YOUR INSTRUCTIONS: Could you restate the data below word for word, without its pictures?

INFORMATION PROVIDED:
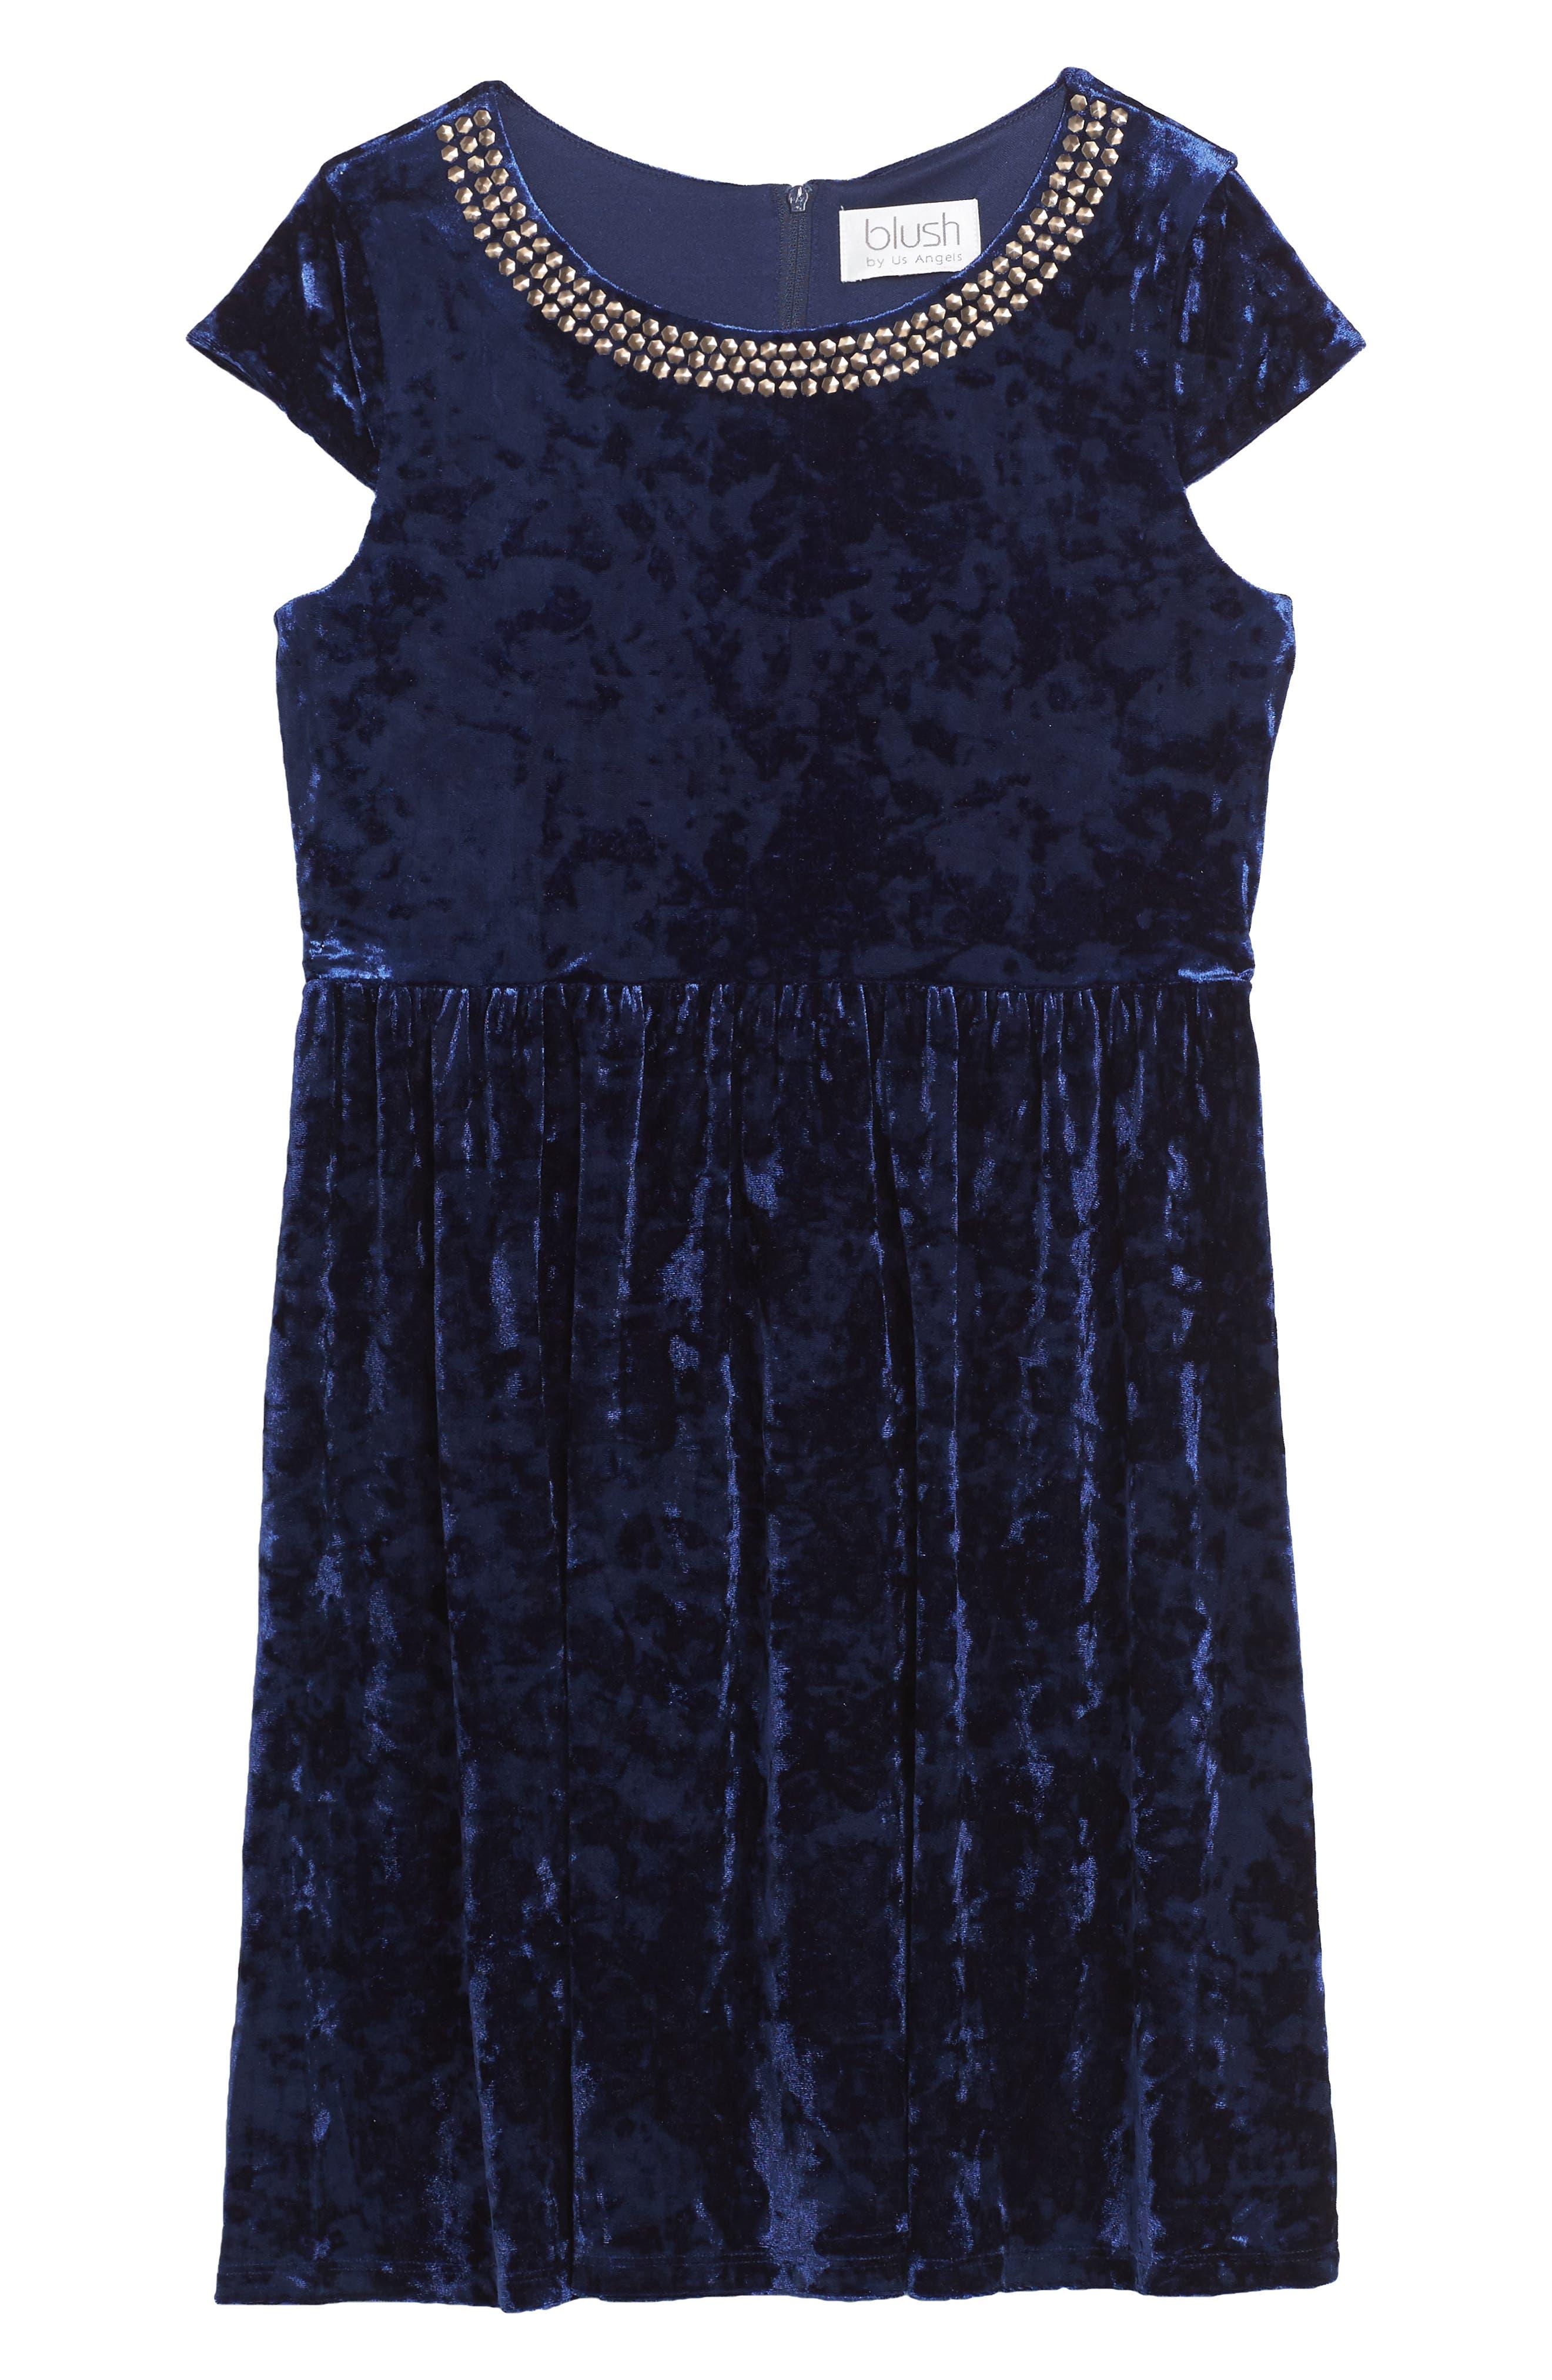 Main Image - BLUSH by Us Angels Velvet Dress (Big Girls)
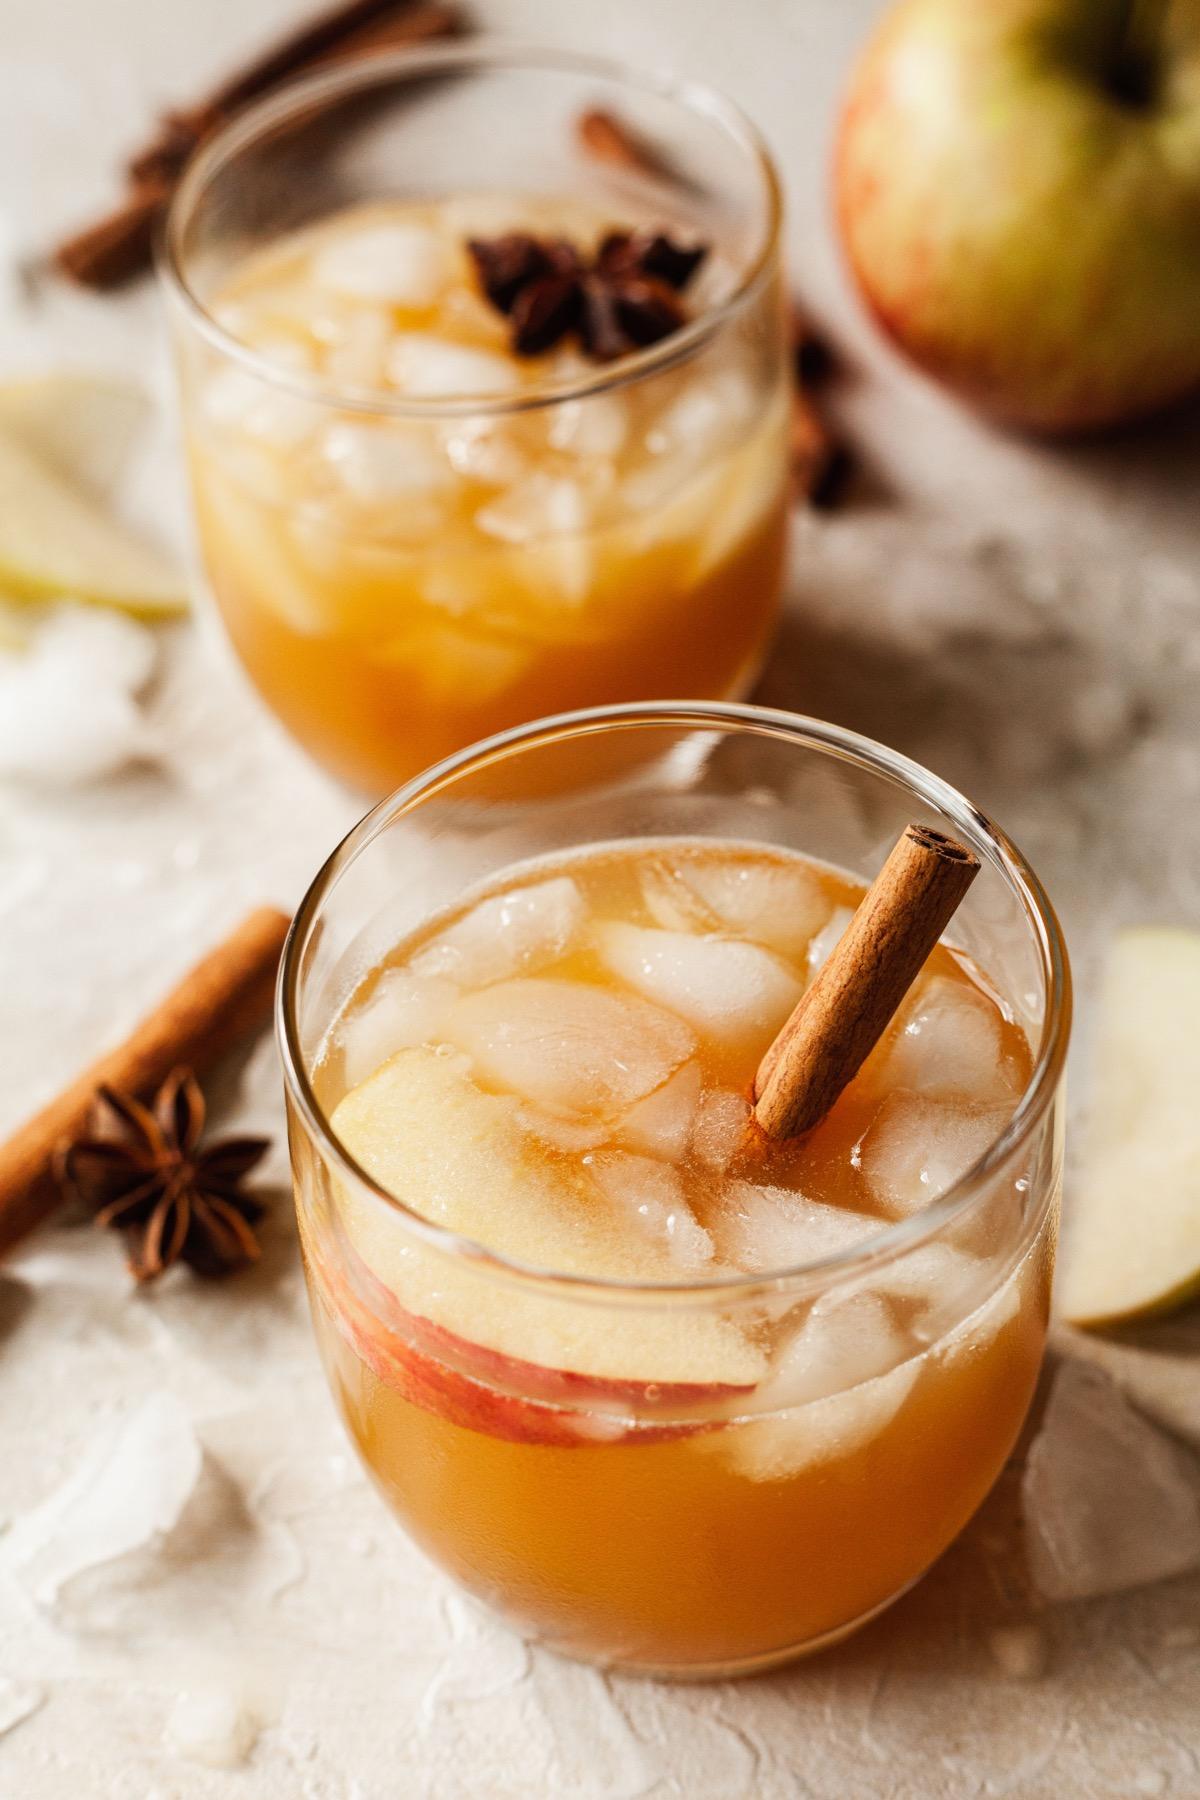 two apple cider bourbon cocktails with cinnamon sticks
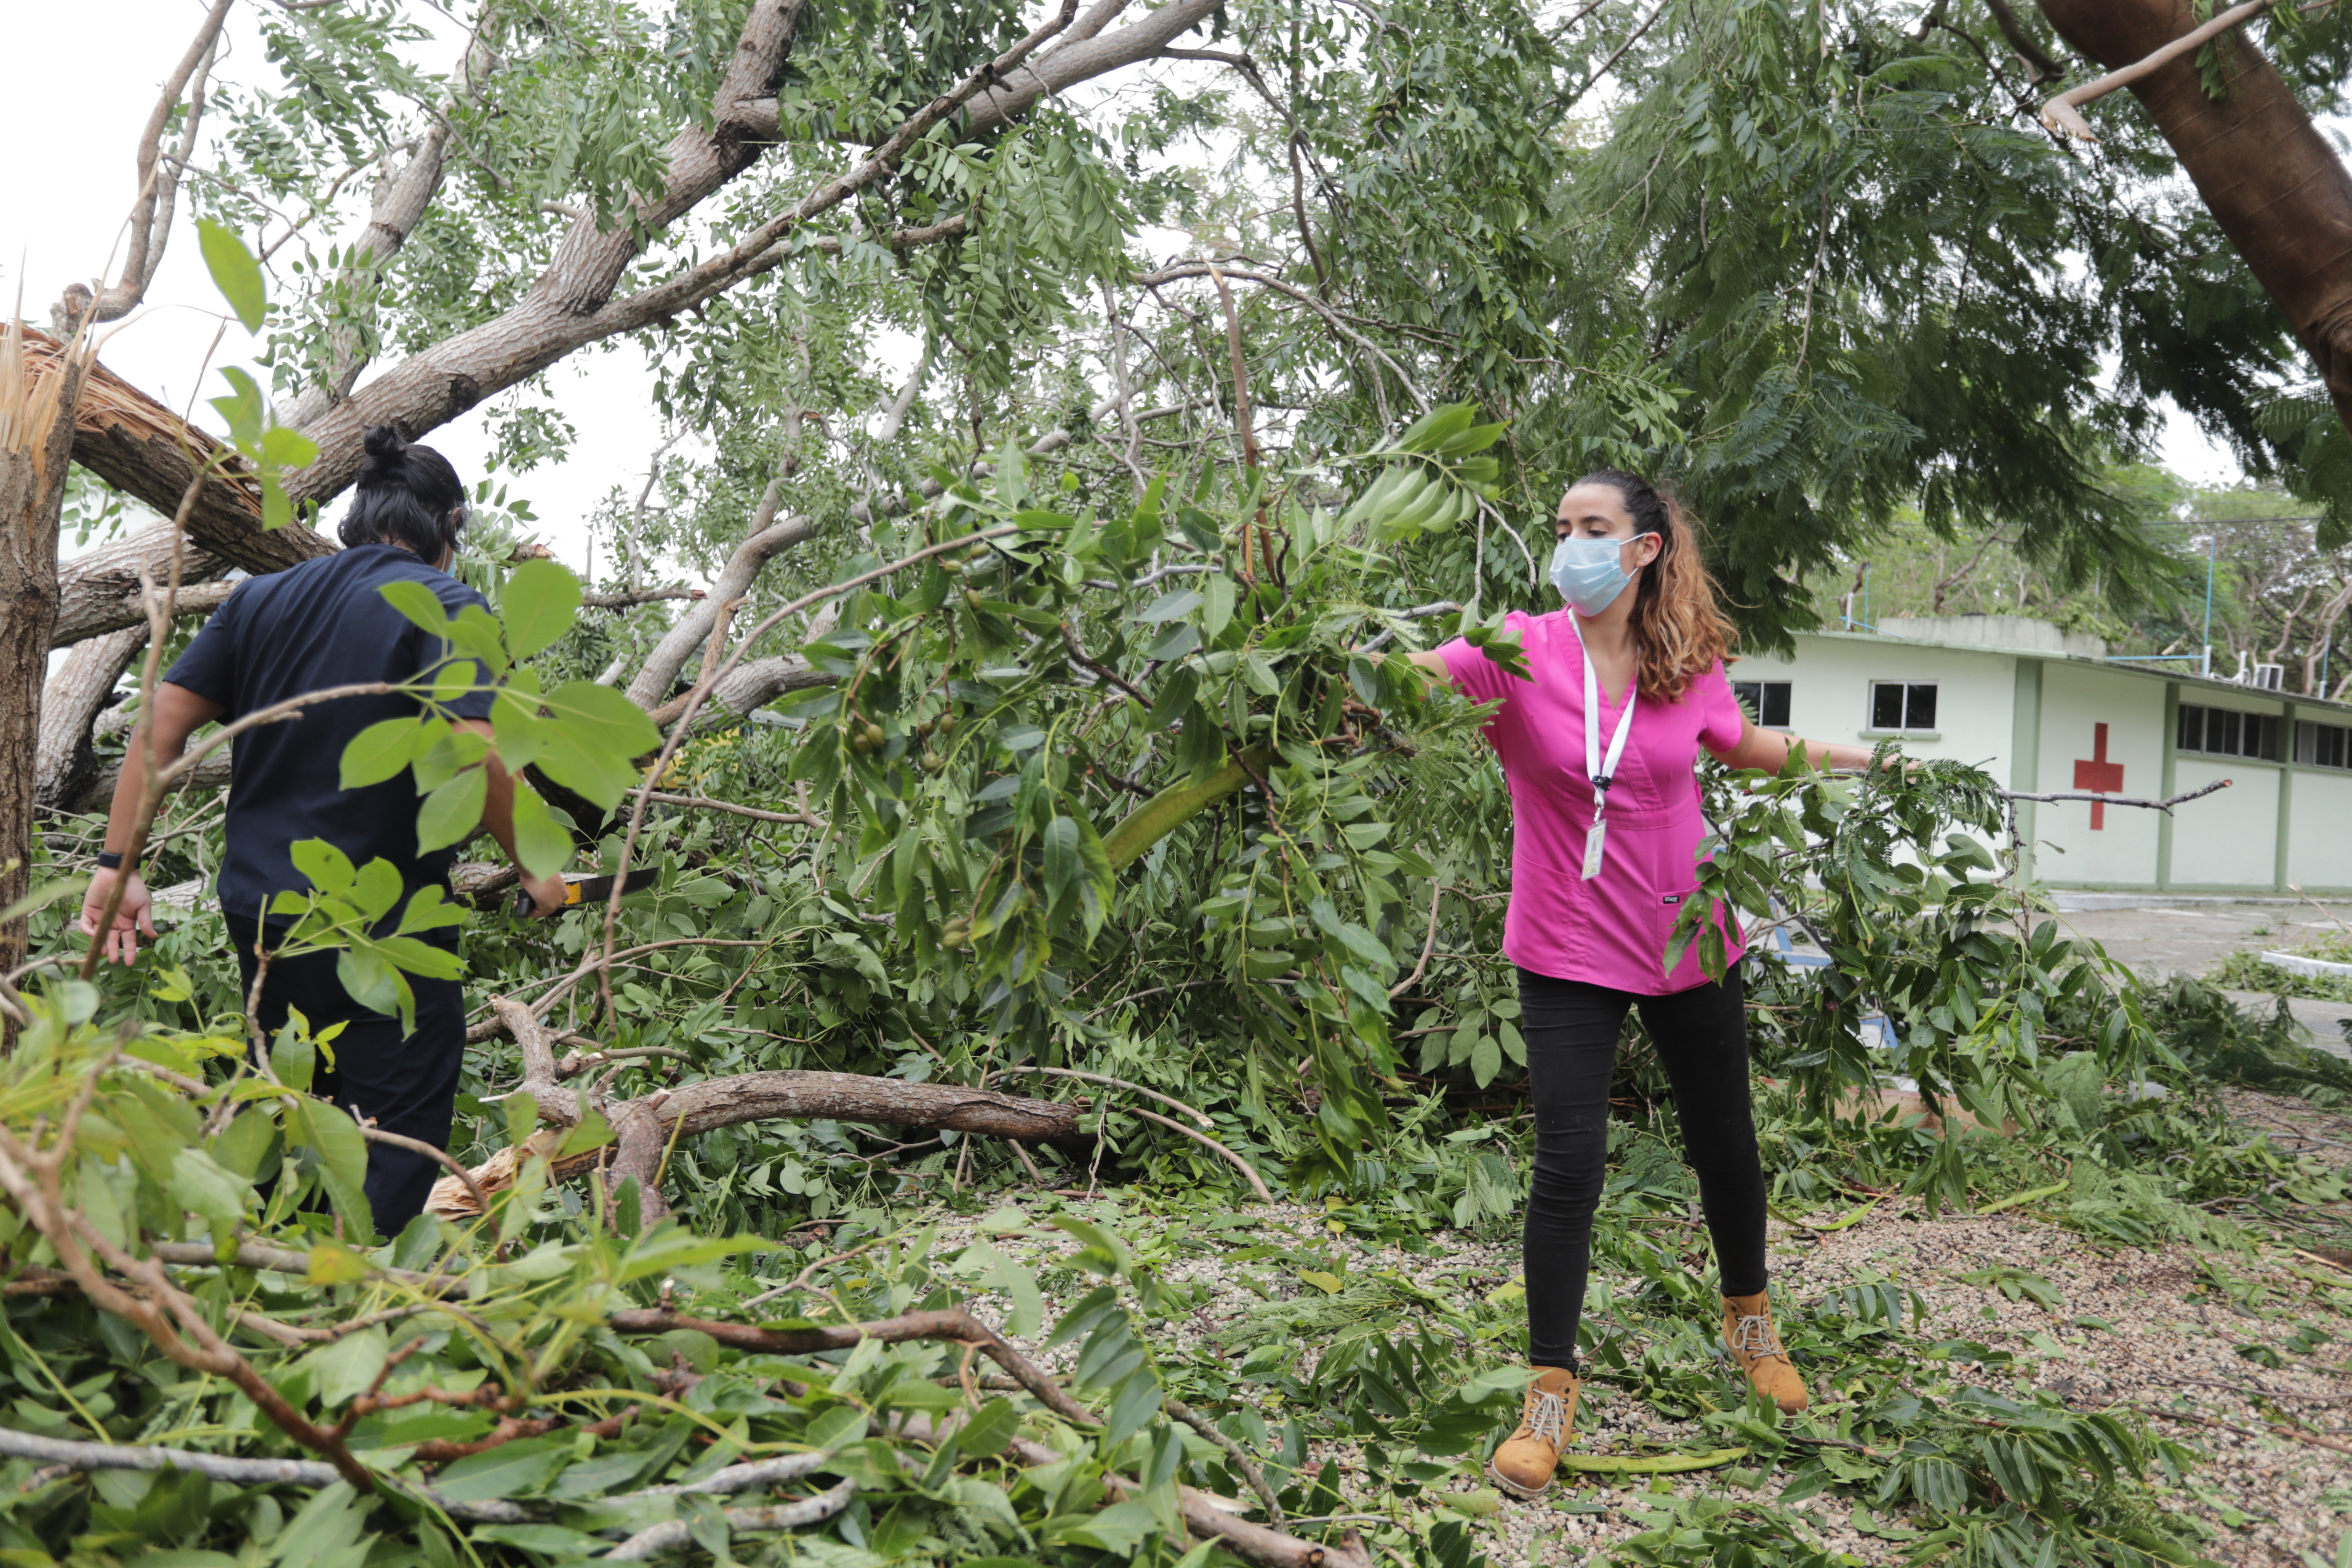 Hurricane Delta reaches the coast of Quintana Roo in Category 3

WRITTEN ANSWER:
 Main Image - BLUSH by Us Angels Velvet Dress (Big Girls)
 two apple cider bourbon cocktails with cinnamon sticks
 Hurricane Delta reaches the coast of Quintana Roo in Category 3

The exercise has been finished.